Beyond Automation: Exploring the Potential of Agentic AI in Risk Management and Fraud Detection in Banks

As the banking system is undergoing a seismic transformation, a considerable body of research and literature has emerged in the past few years on the topic of operational risk. Risk management is a high-profile activity for any banking or financial institution, due to stringent regulations on the amount of equity capital to be held, and the amount of trading or operational losses that can be sustained each year. A bank's risk monitoring and pricing methodologies remain critical in the changing market context of steadily increasing trading volumes and speeds, growing diversity of instruments, emergence of new financial products, and collection of myriad data sources. Understanding risk is key to building confidence with clients. Hence risk management will always be a hot topic in the banks. The rapid investor adoption of agentic AI technologies has far exceeding the banks' expectations. In parallel, a rise in adverse or unwanted activities has become more visible. This poses a new set of risks that impact the financial industry. Financial institutions are faced with a “success-liability equation,” where the effective use of agentic AI tools can have both significant upside but equally significant downside. Banks need to rethink AI as a technology that is no longer solely in their control.
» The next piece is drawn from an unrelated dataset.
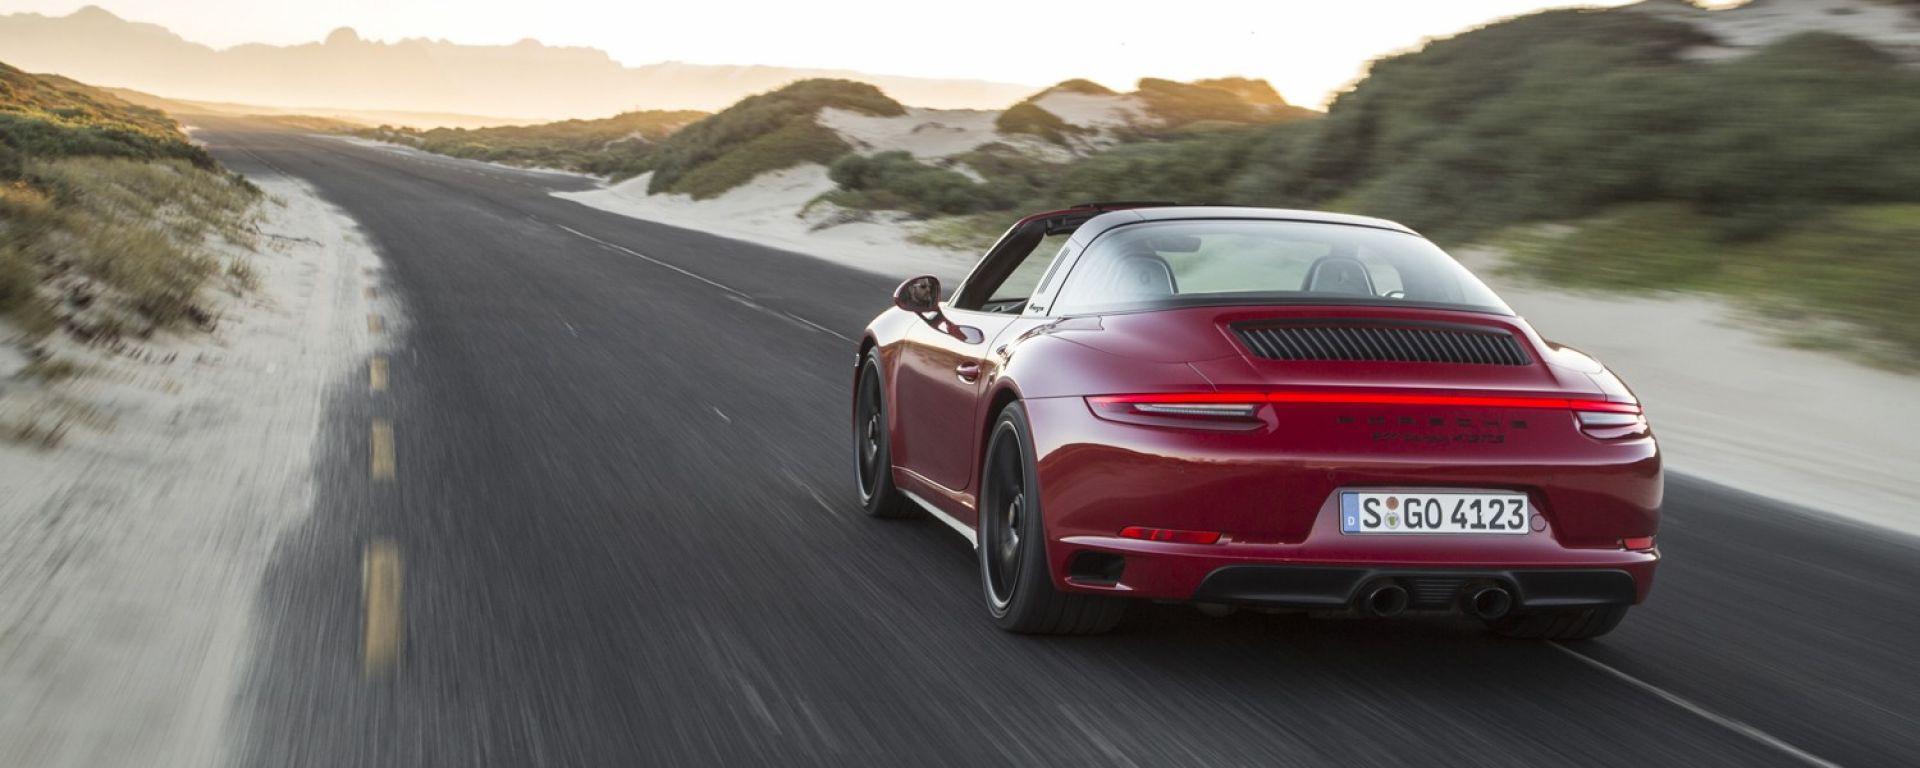 Porsche 911 GTS 2017: prova, dotazioni, prezzi [VIDEO]

Furthermore, regulatory and risk management challenges are relevant today, as they will concern most players in the financial industry next year. The rapid spread of artificial intelligence (AI) using large language models (LLMs) poses risks that banks must address to avoid financial, operational, regulatory, reputational, compliance, and engagement impact. Banks are currently as dominant as other industries, and their response will have ripple effects. The topic is timely, relevant, and considerable in scope. To manage the risk of agentic AI tools, the banks' existing Cultivating Confidence controls and processes for more traditional AI implementations should be refreshed or strengthened in certain areas. These include Auditability, Explainability, Transparency, Supervision, and Human-in-the-loop. New operational risk considerations should also be introduced, including Speed, Externality, Disruption paths, and Reliability checks. Although many banks will consider similar risk and control enhancements, institutions will differ in their current maturity, resulting in potentially different levels of risk exposure.